On Global tonight, the news hour featured the medicare system of Germany. In Germany, medical insurance is mandatory. The average citizen pays the government, and the premiums are based on income. If you wish to opt out of the publicly insured system, you can purchase private insurance. This private insurance varies in cost depending on the level of care you want. The more you pay, the more comfort and service you get. Here was the interesting thing for me. All Doctors are on salary, and are REQUIRED TO PROVIDE CARE IN A PUBLIC FACILITY. If they choose to do 'overtime' for a private facility, have at 'er. As well, private hospitals are allowed and compete for patients with public ones. All hospital funding is based on quality of care delivered, time in recovery, and patient satisfaction (public only I assume, but private facilities might get some?). How they measure this I have no clue.

Oh yeah, Germany has no surgery waiting lists, and the government is reducing basic premiums next year because lots of hospitals (public and private) are making money.

Interesting.


----------



## Fishbone Jones (16 Sep 2004)

It seems to me we already have something that connotates a two tier, public\ private system. If I need a knee replacement, I'll wait who knows how long, maybe months. If Paul Martin needs one he'll get it tomorrow. We just kid ourselves when we think we're all on an even keel and the system treats ALL fairly and timely. If the politicians had to wait in line like Joe Civvie, there'd be major changes to the system pronto.


----------



## Infanteer (16 Sep 2004)

> "I would like to believe that private business also has an interest in providing a service to the community.":If that is you and your families attitude regarding your business, then I commend you for your selfless and enlightened mindset. I am sure that this attitude may very well be common in small business, but I think you might be a little naive if you think the CEO of a string of hospitals across the country would share this view (well, maybe in front of the media cameras). I also would not expect any private citizen in business to care about anything until it affected his bottom line......but regardless.......

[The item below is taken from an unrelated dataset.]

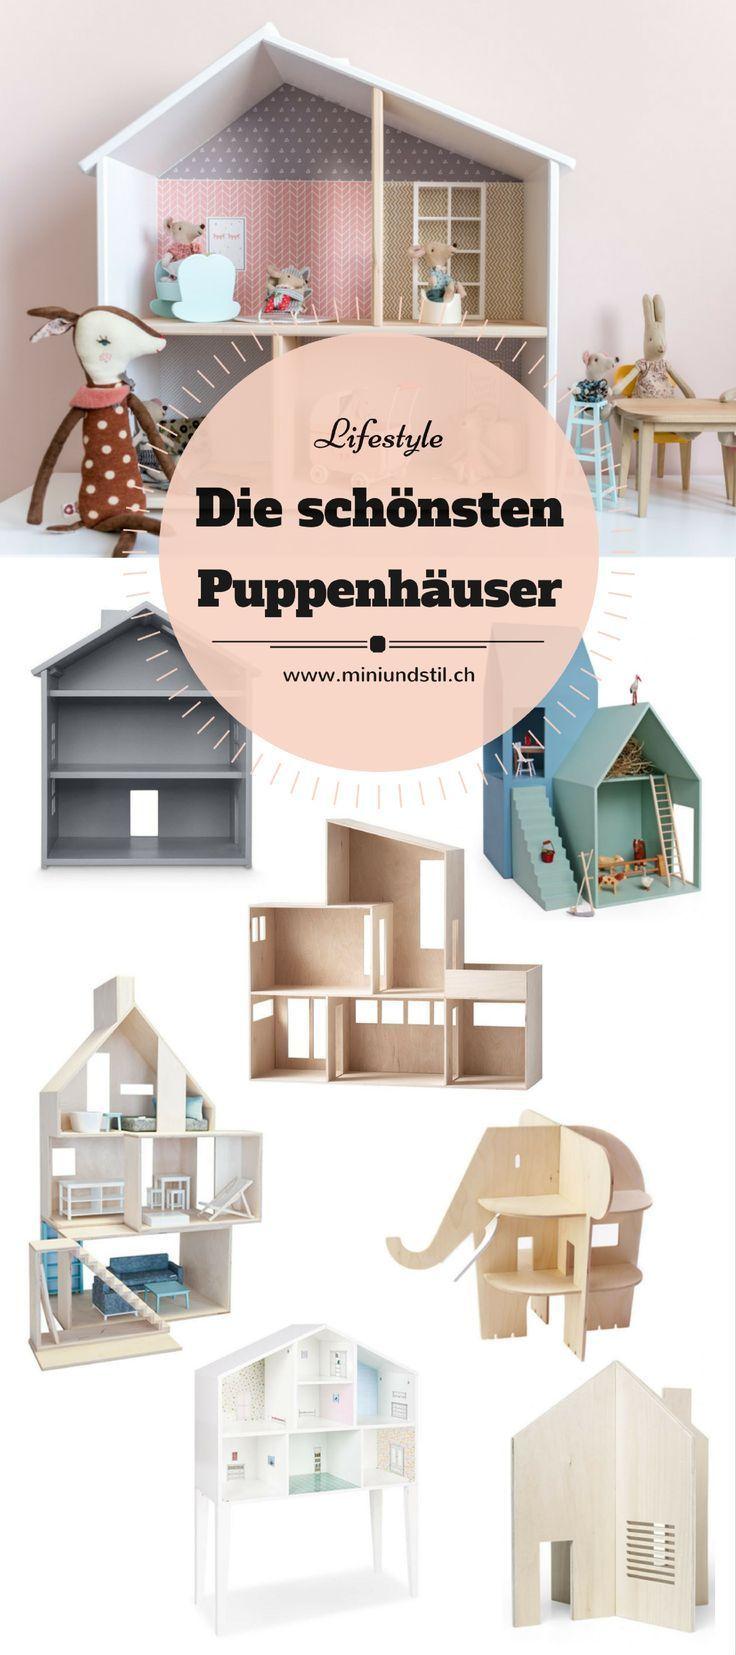 DIY: Unser neues Puppenhaus und seine Bewohner

I didn't mean "provide a service to the community" in an altruistic manner, I meant it in a business sense, so don't go giving me any enlightenment awards yet.

By "service to the community" I meant strictly that; a business provides some sort of service that others in the community desire.   In my families case, a place to stay for visitors; in a doctor's case it is health care.   Either way, they are providing services that people in the community desire.   Hell, that avatar for globalization, McDonalds, provides a service to the community by selling junk food.

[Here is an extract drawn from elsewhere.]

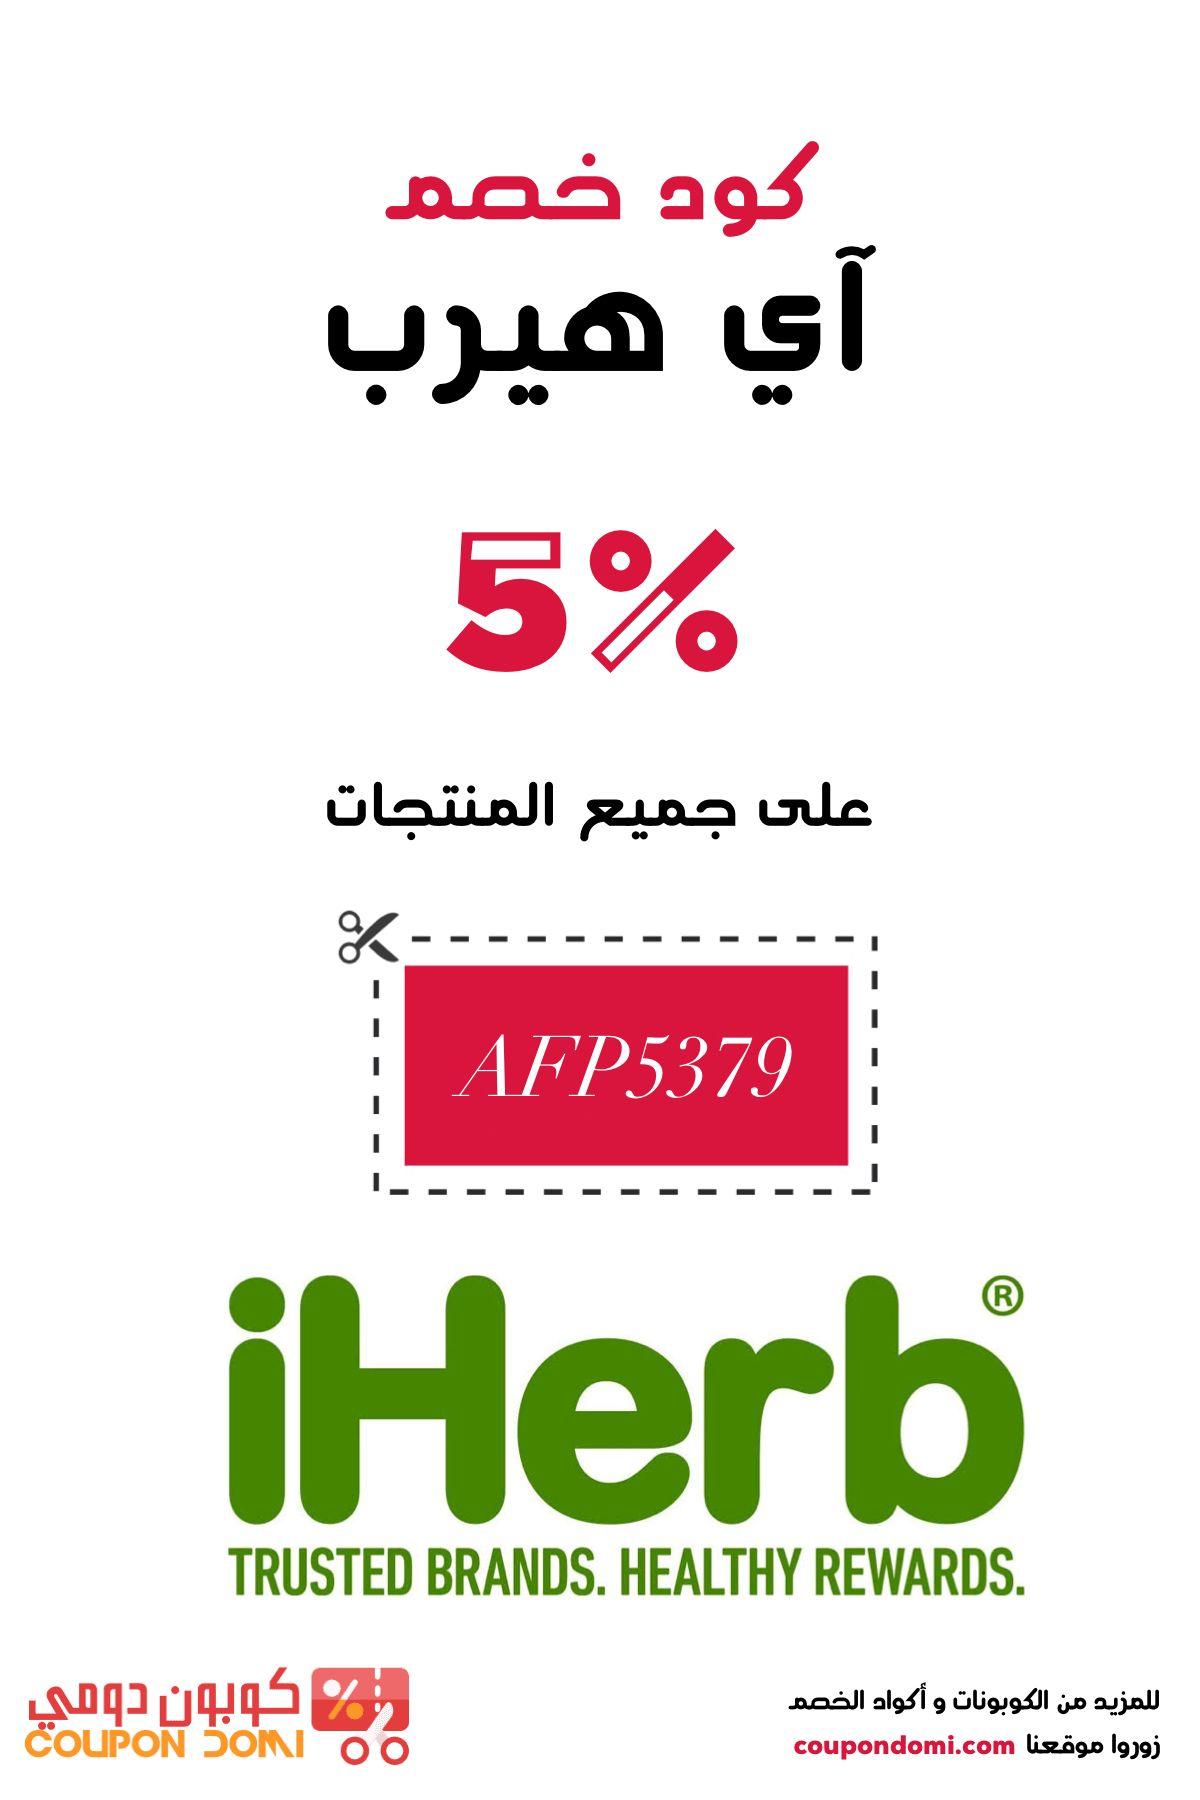 كود خصم اي هيرب 5 على جميع المشتريات من Iherb Trusted Brands Iherb

Services are dependant on the wants of the community.   People want healthier choices, McDonalds introduces salads.   If one does not adapt ones business to the desires of the community, the outcome is financial ruin.

However, in a artificial economic system in which the patient/doctor relationship is ruined (in terms of product delivery), this cannot take place.   People want a better cancer treatment facility; sorry, no can do - the resources and the authority to do so is managed by a government bureaucracy and the only way to change that is through politics with the end result being the fruitless debate we are seeing played out on national TV.

In a system of government managed health care where the notion of cost is removed (with its implications of demand) their is no incentive for the either a doctor or a patient to improve and adapt health care delivery.   End result, doctors move south to greener pastures and patients are forced to toil with waiting lists and limited options under an increasingly strained health care system (due to demographics and the increasing costs of medical technology) or to follow the doctors south to better chances at effective treatment.

(Disclaimer, I am not claiming the American system is the route to take as it suffers from the same consumer/provider perversion as we do, I only point out that access to efficient and effective health care is more readily available there for the reason that the Department of Homeland Defence does not manage every American's health).



> It seems to me we already have something that connotates a two tier, public private system. If I need a knee replacement, I'll wait who knows how long, maybe months. If Paul Martin needs one he'll get it tomorrow. We just kid ourselves when we think we're all on an even keel and the system treats ALL fairly and timely. If the politicians had to wait in line like Joe Civvie, there'd be major changes to the system pronto.



You're right on there, recceguy.   Canada's system of Health Care according to the Canada Health Act fails on all accounts.   I feel the MSA system seems to provide the most suitable alternative to public health; it maintains the universal nature ensuring that all Canadians are covered and yet allows the private market to innovate and adapt to deliver the best health care to all Canadians.   With the resources we dedicate to our Health Care system, we deserve no less.


----------



## Bruce Monkhouse (16 Sep 2004)

QUOTE
I don't think hospital cleaners will be sterilizing operating equipment, so that is a red herring.

..and the room its being used in miraculously sterilizes itself upon entering?

What is required is better public money managers.


Thanks but no thanks, haven't really seen such a thing yet, most likely due to the fact that any sense of fiduciary responsibility seems to fade the further away the "public money manager" is from the source of the money he manages (ie: the tax dollars of your labour).  I can manage my own health care (and my own finances).
That is baloney.  We didn't save money in our Hotel business by firing the Chambermaids and closing down half of our hotel rooms.  We innovated and adapted until we found something that worked right (in our case, new good managers and a new business draw for customers).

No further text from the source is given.